Building Sn3 and N Worlds

By Stationmaster

Track painting

This is a total pain......but well worth the effort.  I use my air brush and paint all track with Railroad Tie Brown paint.  It is acrylic and once dry super strong. Now - the turnouts I use rely (for now) on the points of the switch making contact with the rail to transfer power to the frog or the center of the turnout.  Paint where they touch and no electricity and trains stop.  So I put a piece of painter's tape over each set of points (about 40 turnouts now) as well as the little rivet that holds the blades in place before I spray.  Don't want paint to wick into the joint and kill electrical contact or paste the blade to the tie.  As well I paint the ties that are cast in a brown plastic that is shiny and not quite the right color.

So I spray everything, then quickly clean off the tops of the rail with a cleaning block before the paint really sets up.  It basically drys when it hits the track, but only really hardens after more time.  Take off the tape after spraying, and you are left with some zebras as you see in the photo. Yuch

So today I started to paint the rail sides that are showing with a micro brush and more railroad tie brown.  Got about 1/3 of the way through the layout and needed to quit for the day.

The locomotive you see I was using to test the electrical transmission once I removed the tape to see if I had mis-sprayed paint int the blade area - but all 40 tested out fine.

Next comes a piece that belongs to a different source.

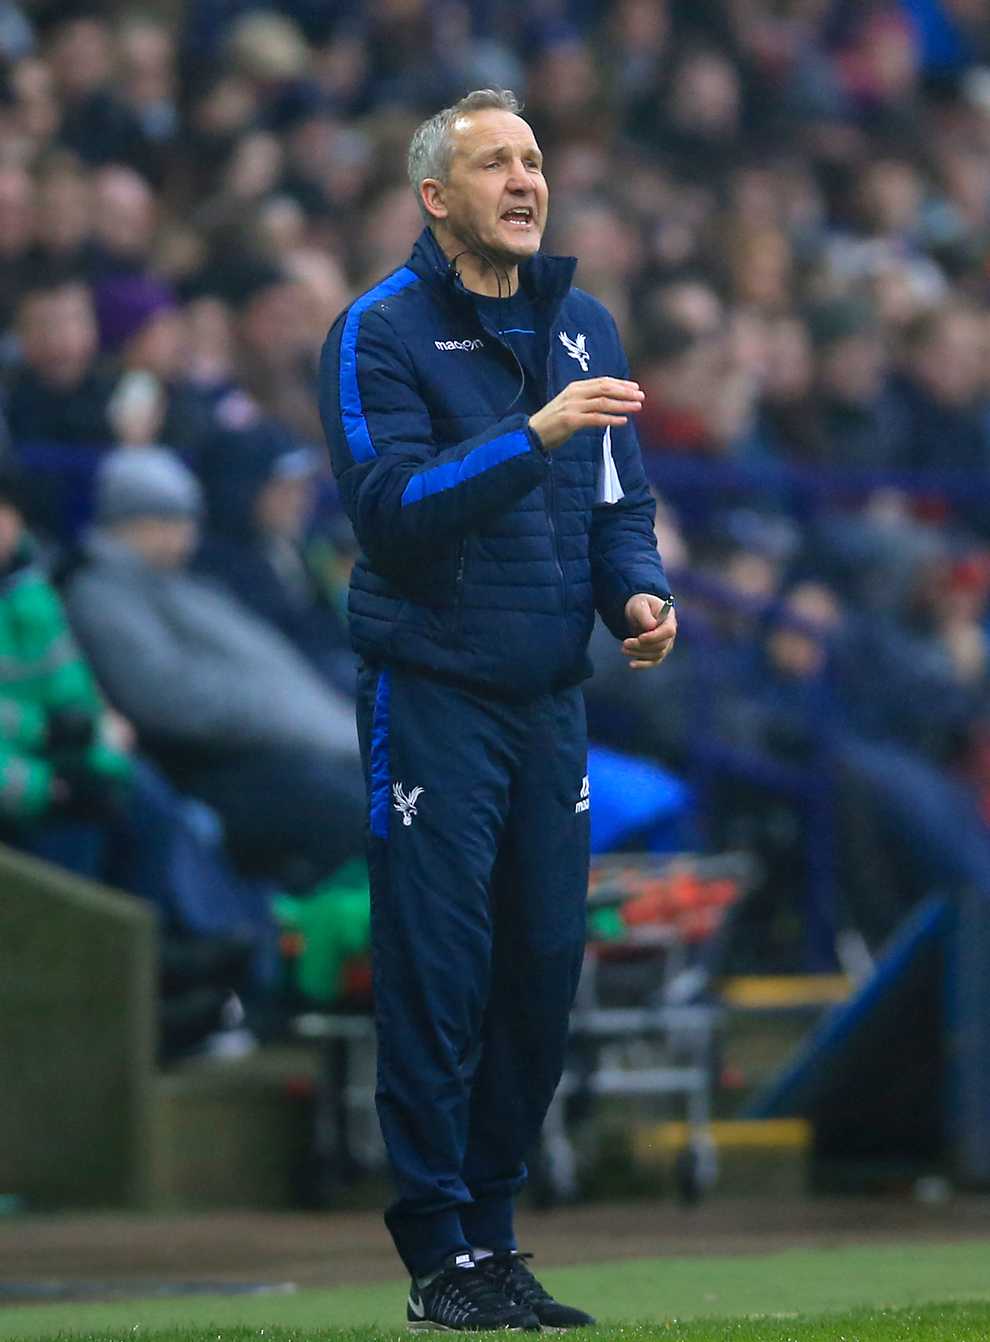 Carlisle boss Keith Millen praised his side’s ‘resilience’ after a 1-0 win at Scunthorpe (Clint Hughes/PA Images).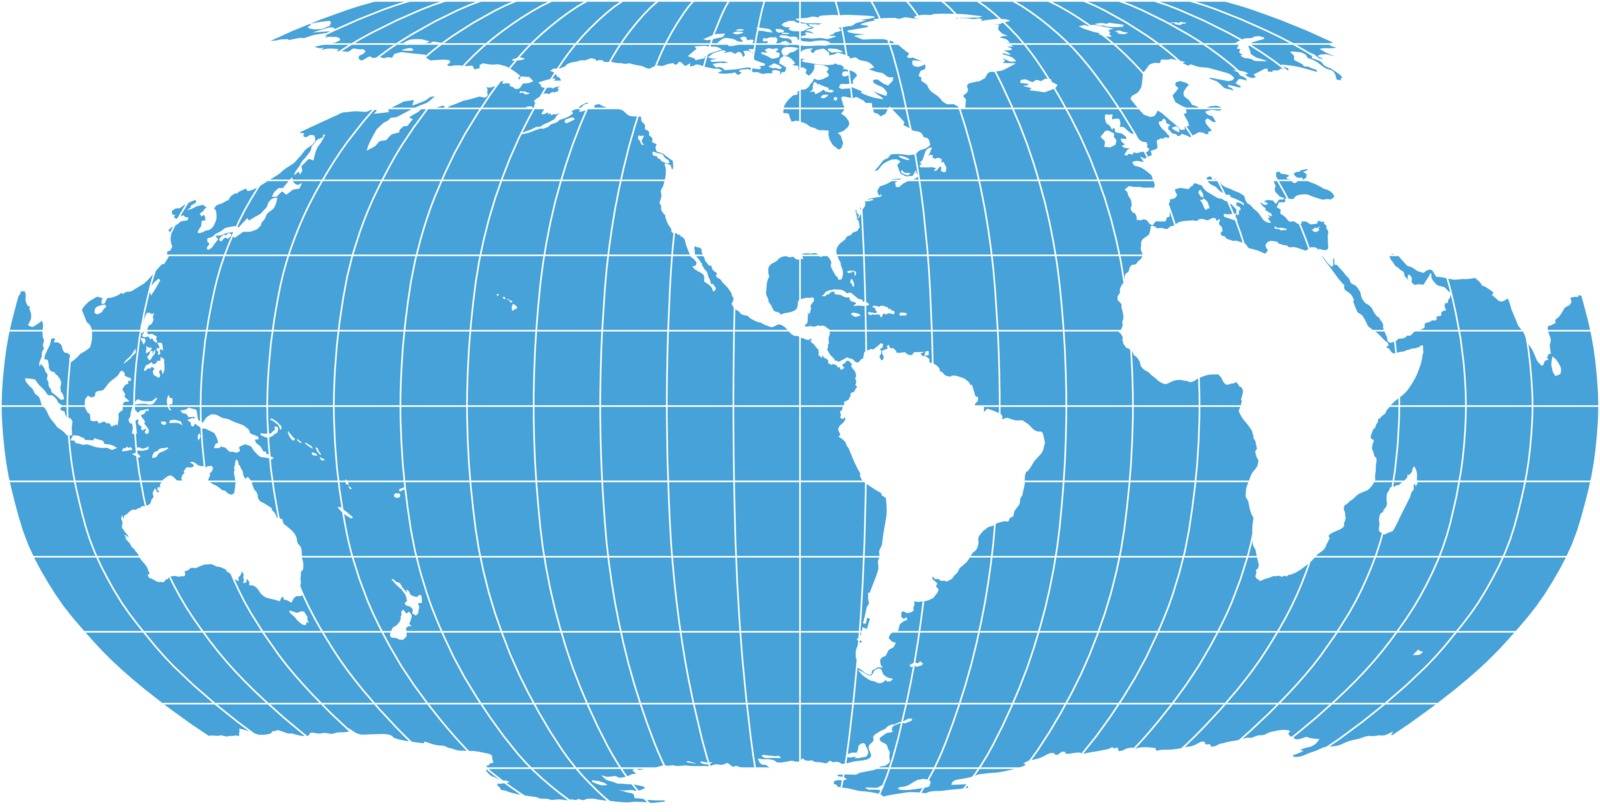 World Map in Robinson Projection with meridians and parallels grid. Americas centered. White land and blue sea. Vector illustration.

Part of why I paint the track is so it is dull brown, and once ballasted with scale rock it will look good. The track I use is Peco code 55 made in the UK. Great stuff.  Not exactly American track/tie profiles, but I don't care.  Paint it and ballast it and it looks really good.  If you want to see what a pro does, look at Tom Danneman's DRGW layout - in N scale, that uses the same track and turnouts.   Also - this track is totally bulletproof. Wonderful product.